*Exercise brief:* Each line of the data below should be restated exactly, with images left out.

Data shown START

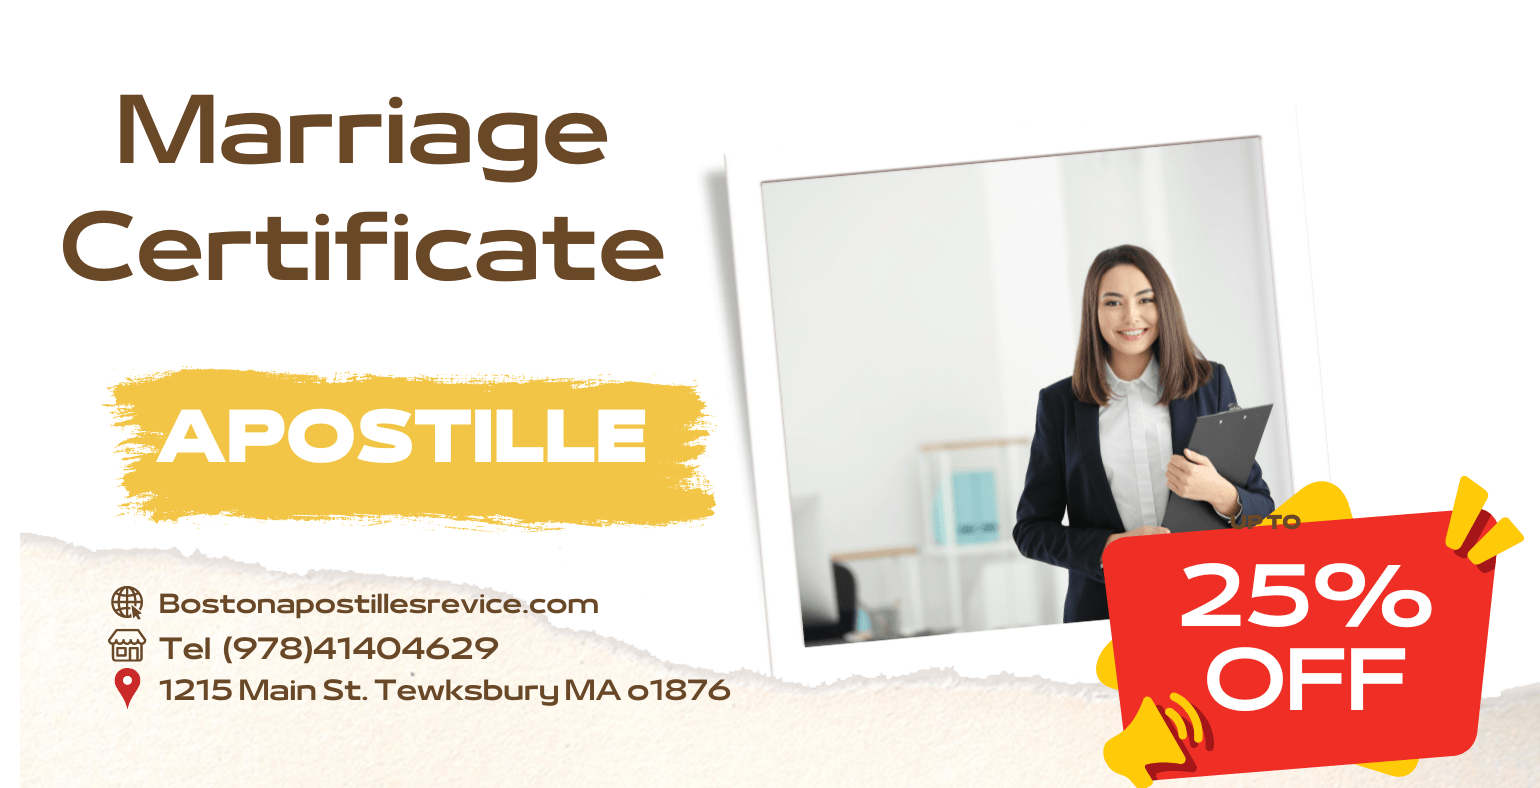 Apostille Service In Lowell MA
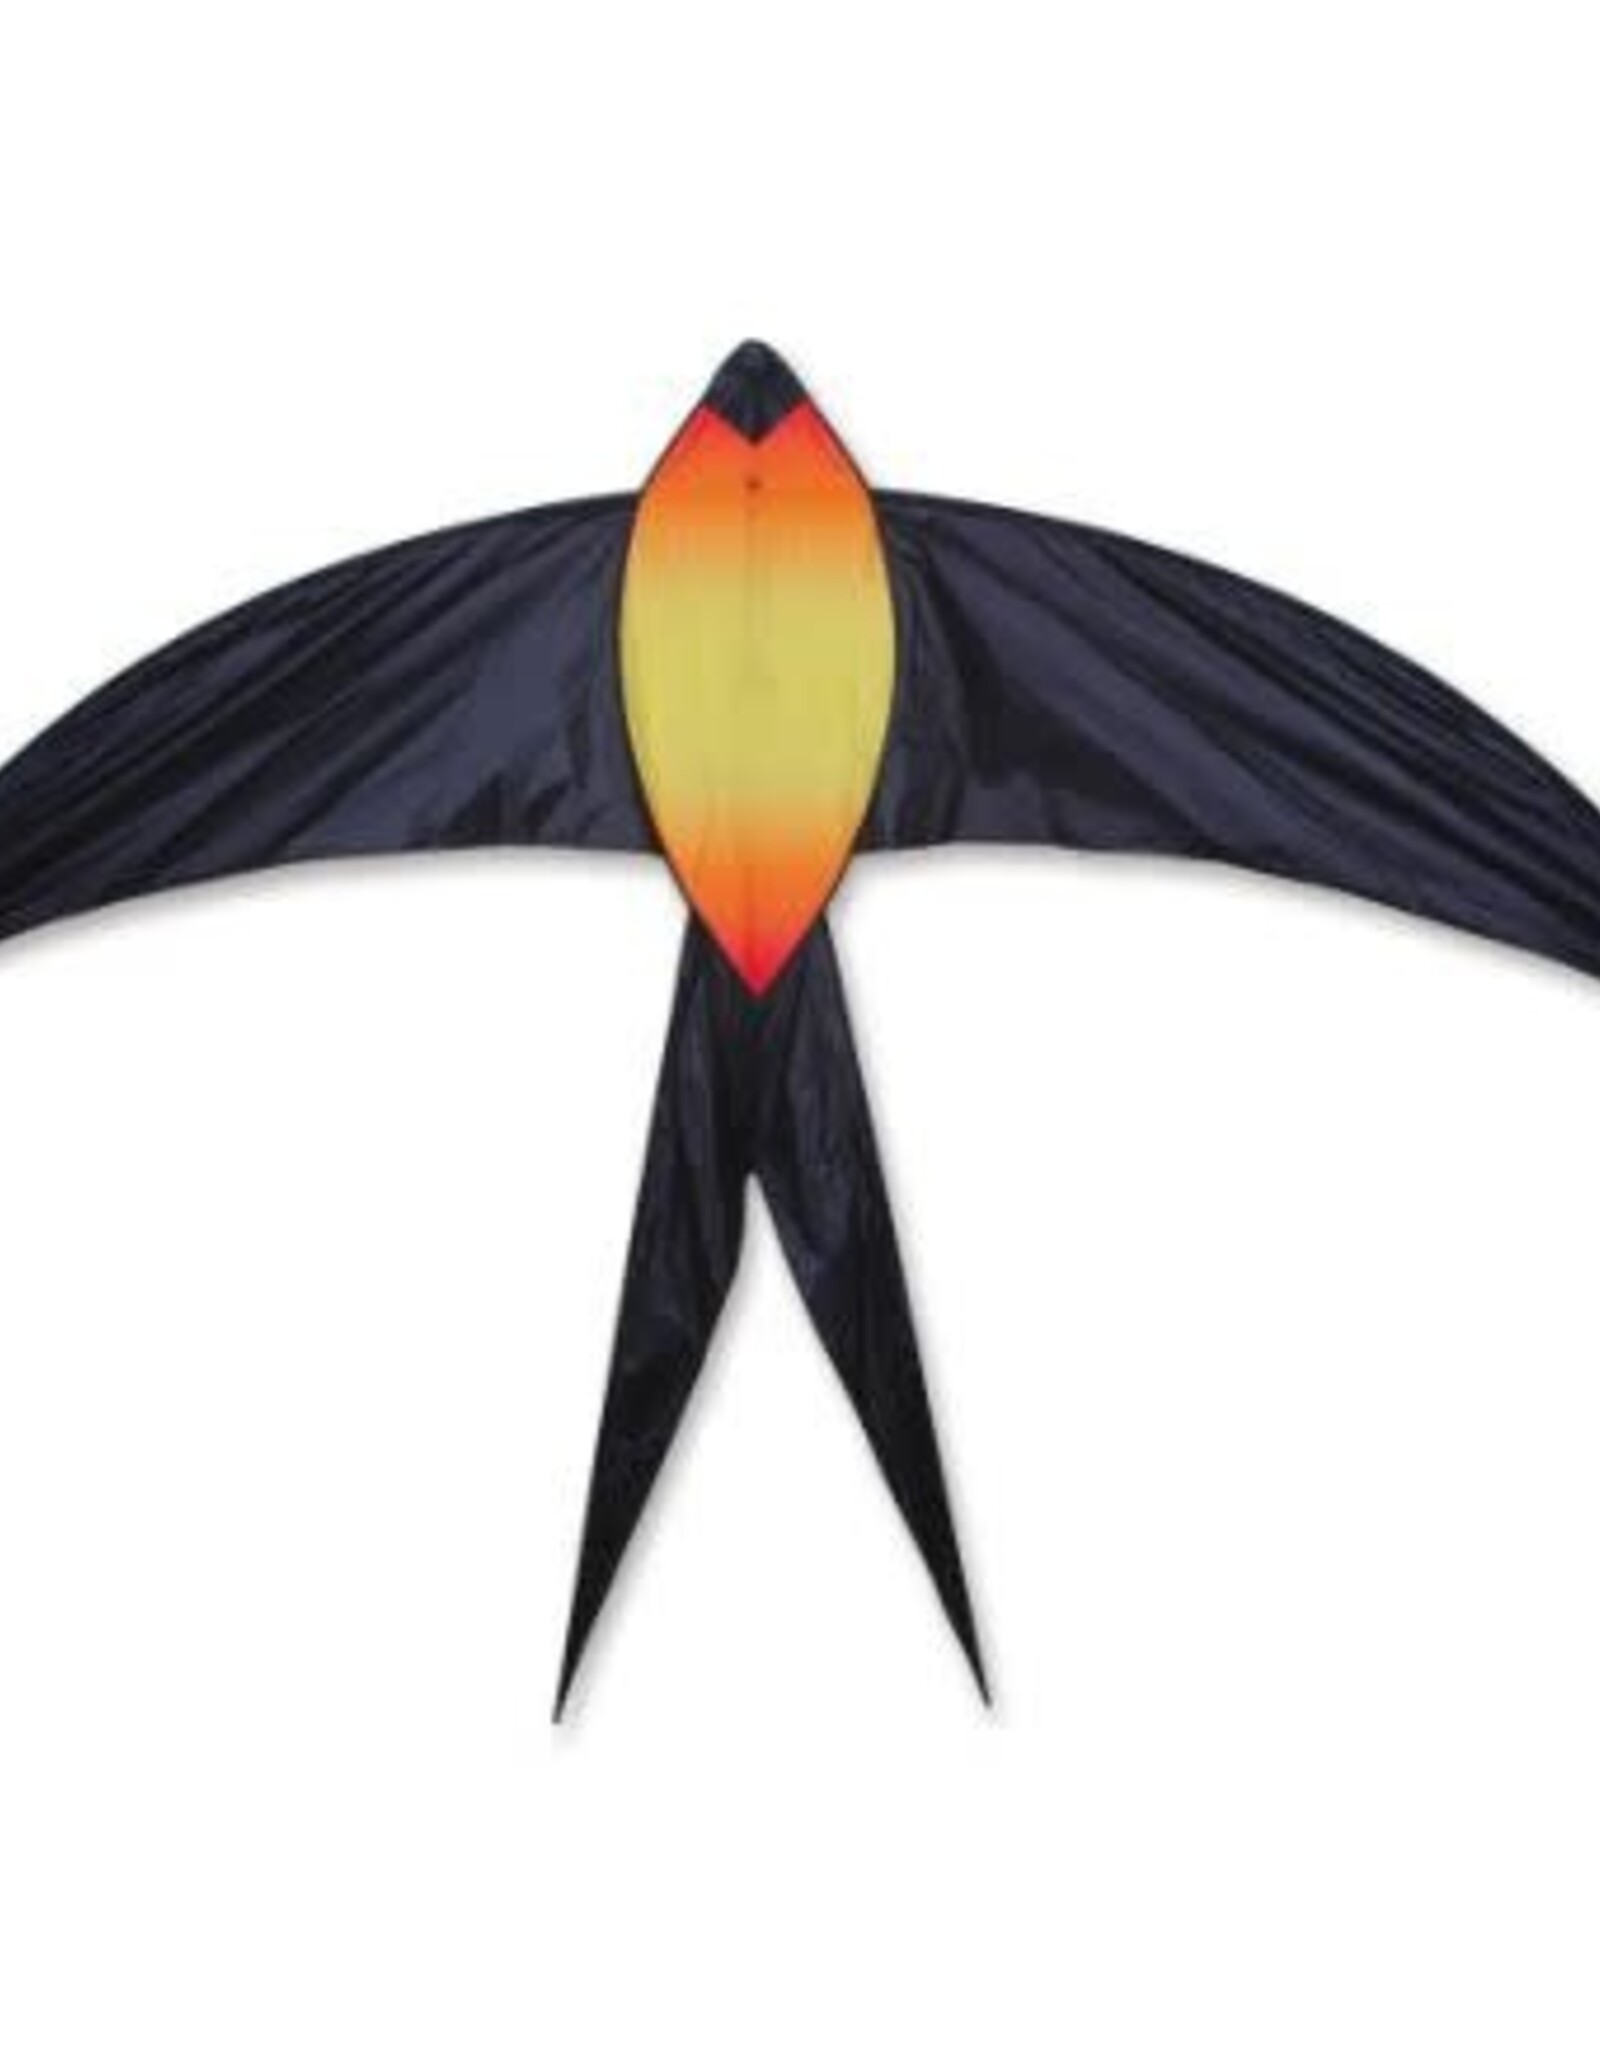 Premier Kites FIRE SWALLOW KITE *Not available for shipping. Pick up only.
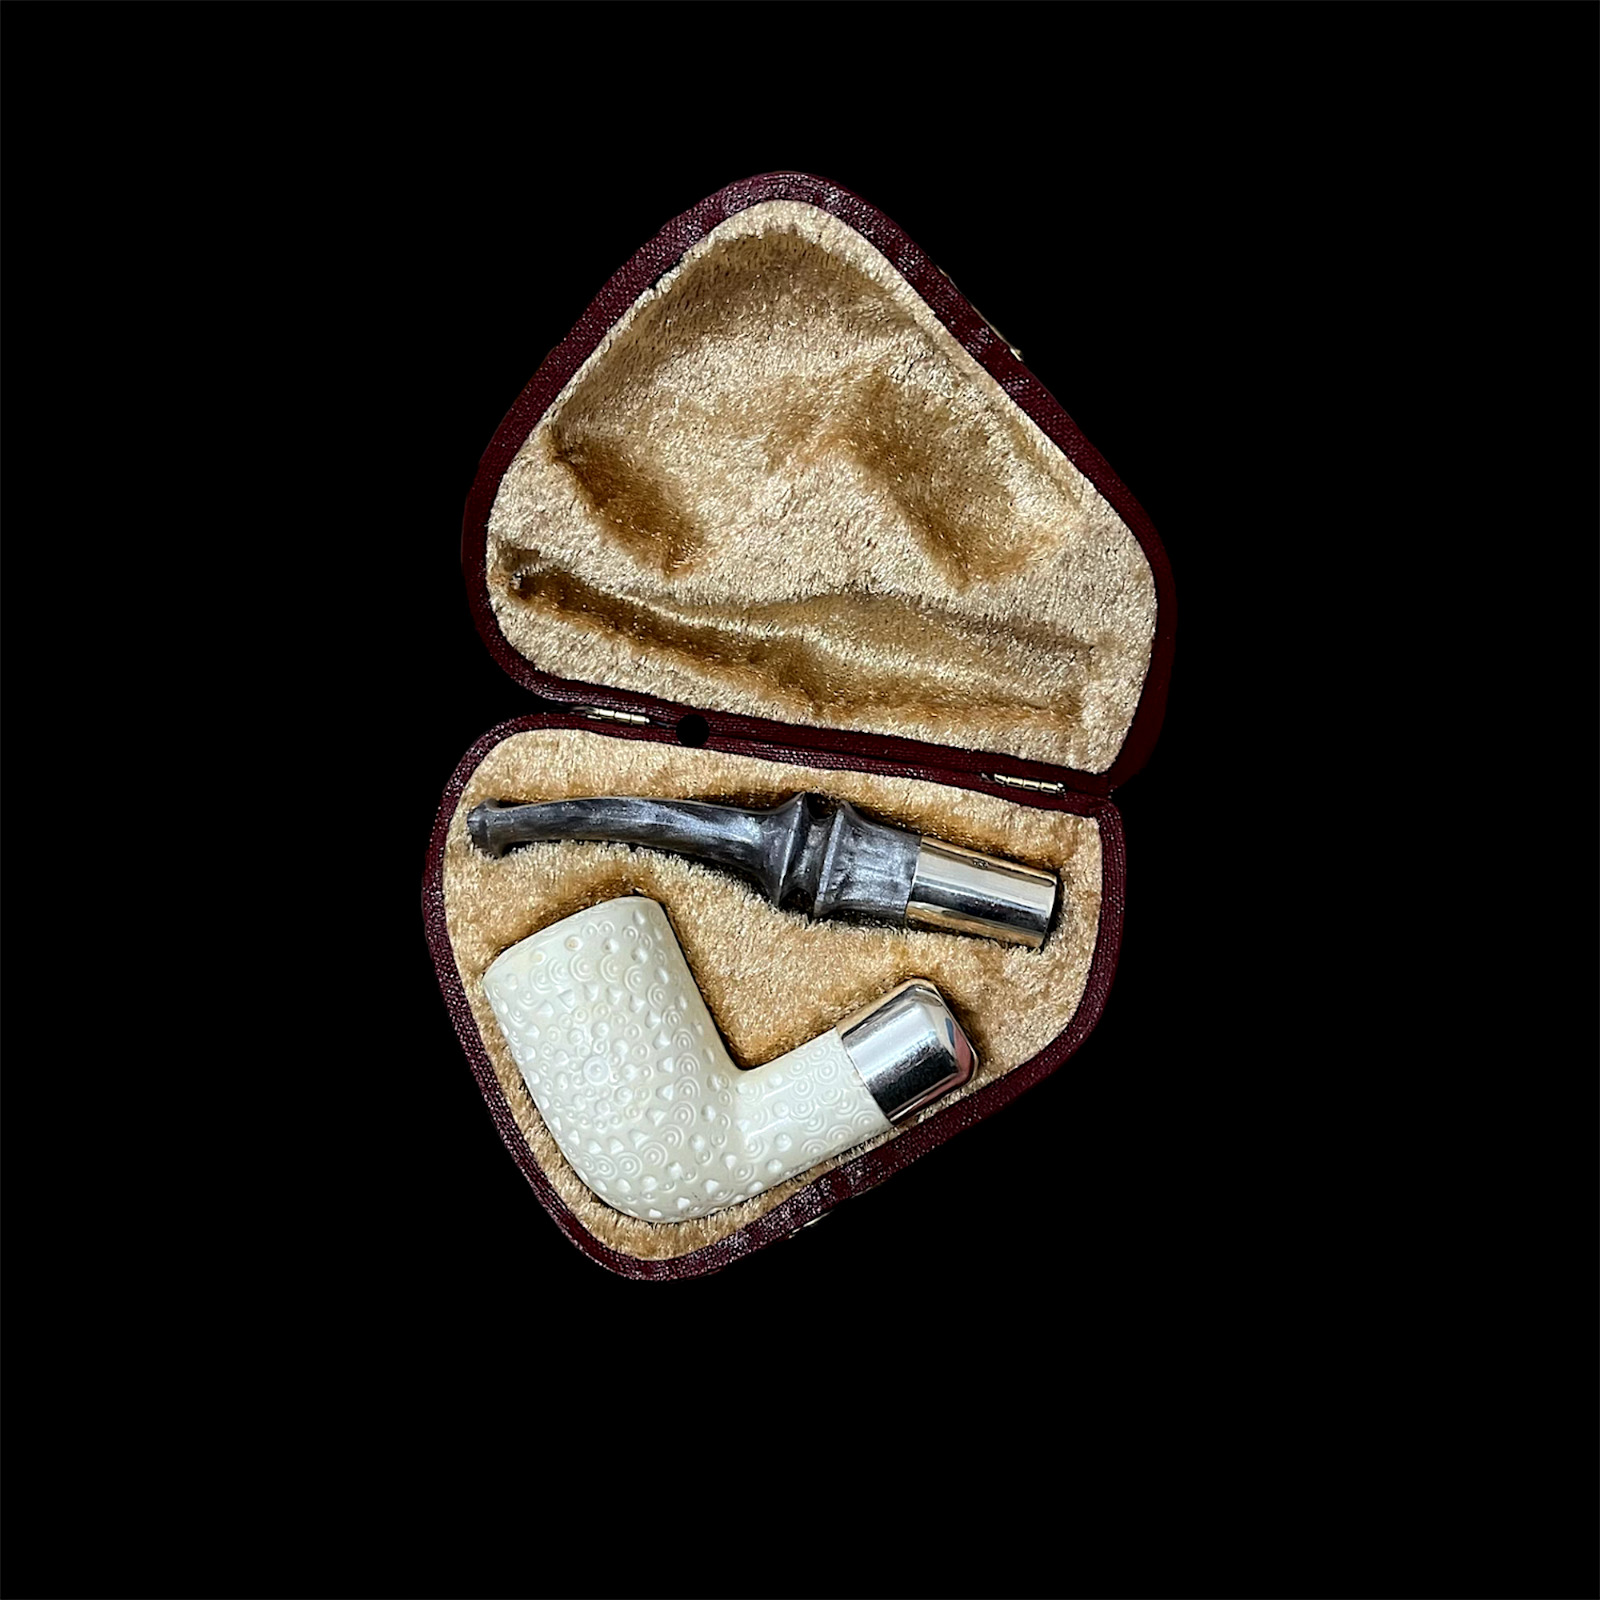 Block Meerschaum Pipe 925 silver unsmoked smoking tobacco pipe w case MD-334
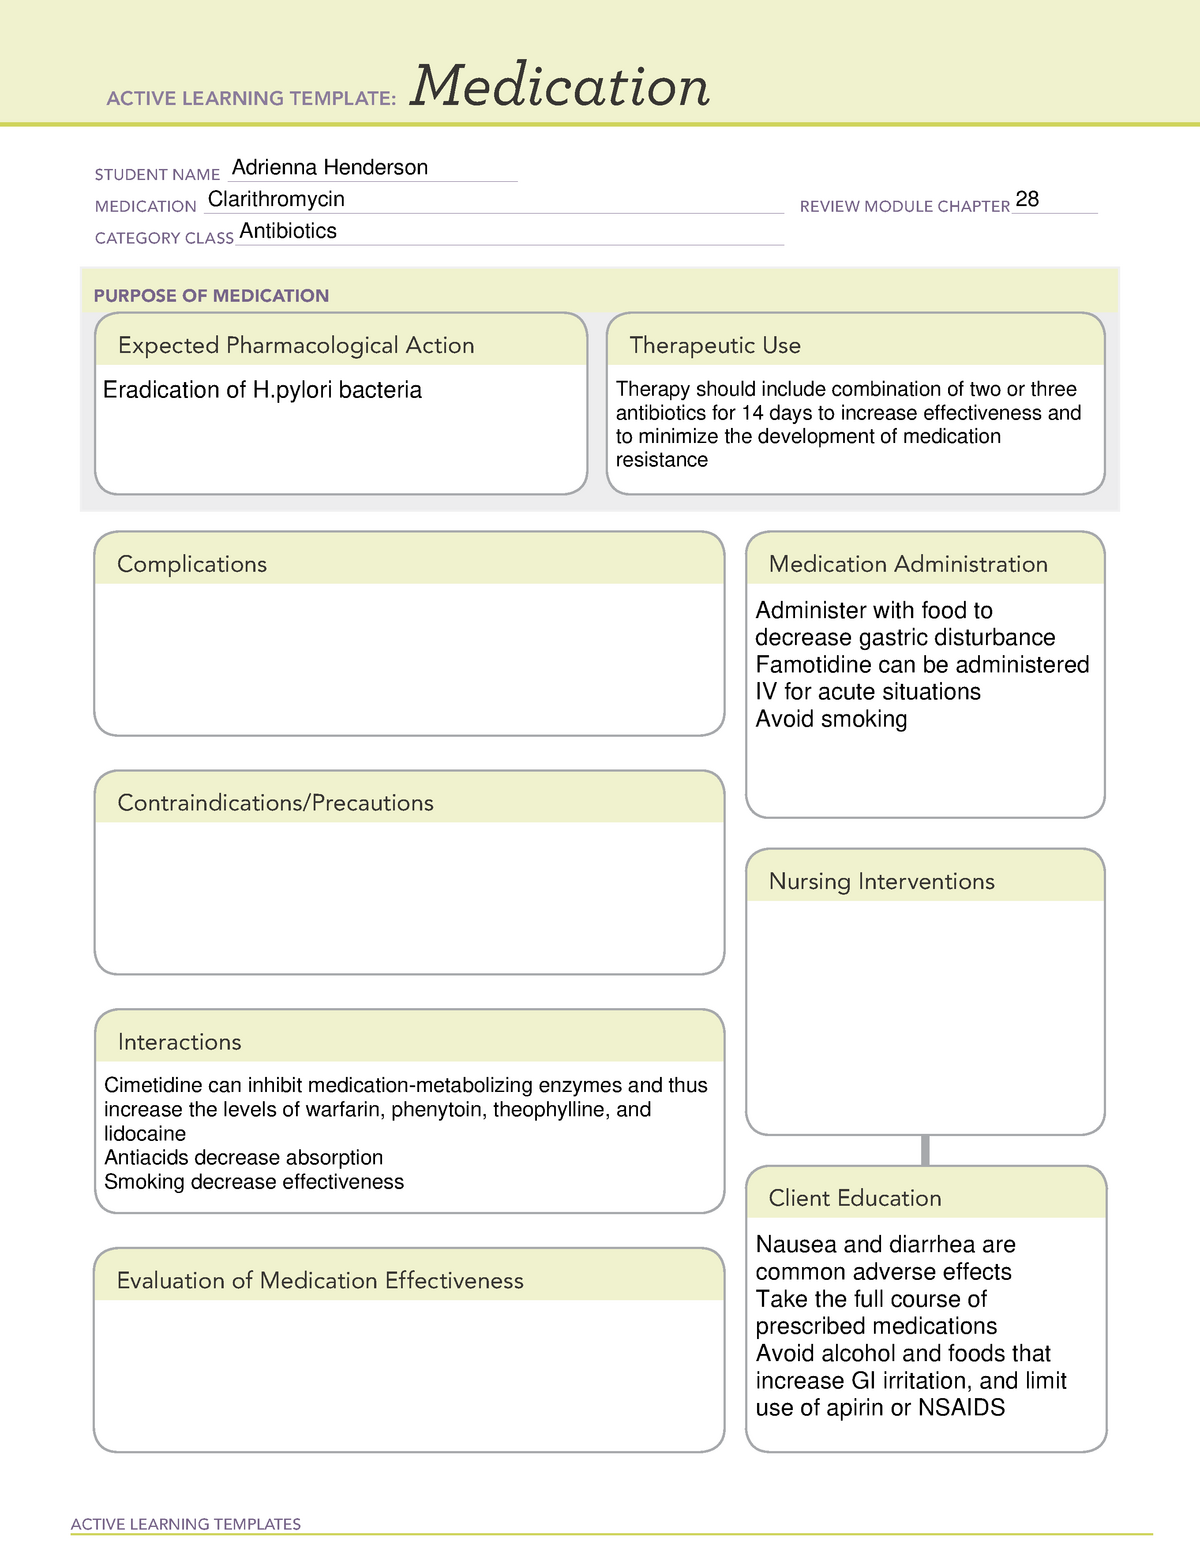 Clarithromycin Medication Template ACTIVE LEARNING TEMPLATES

Data shown END

*Response:*
 Apostille Service In Lowell MA
 Premier Kites FIRE SWALLOW KITE *Not available for shipping. Pick up only.
 Block Meerschaum Pipe 925 silver unsmoked smoking tobacco pipe w case MD-334
 Clarithromycin Medication Template ACTIVE LEARNING TEMPLATES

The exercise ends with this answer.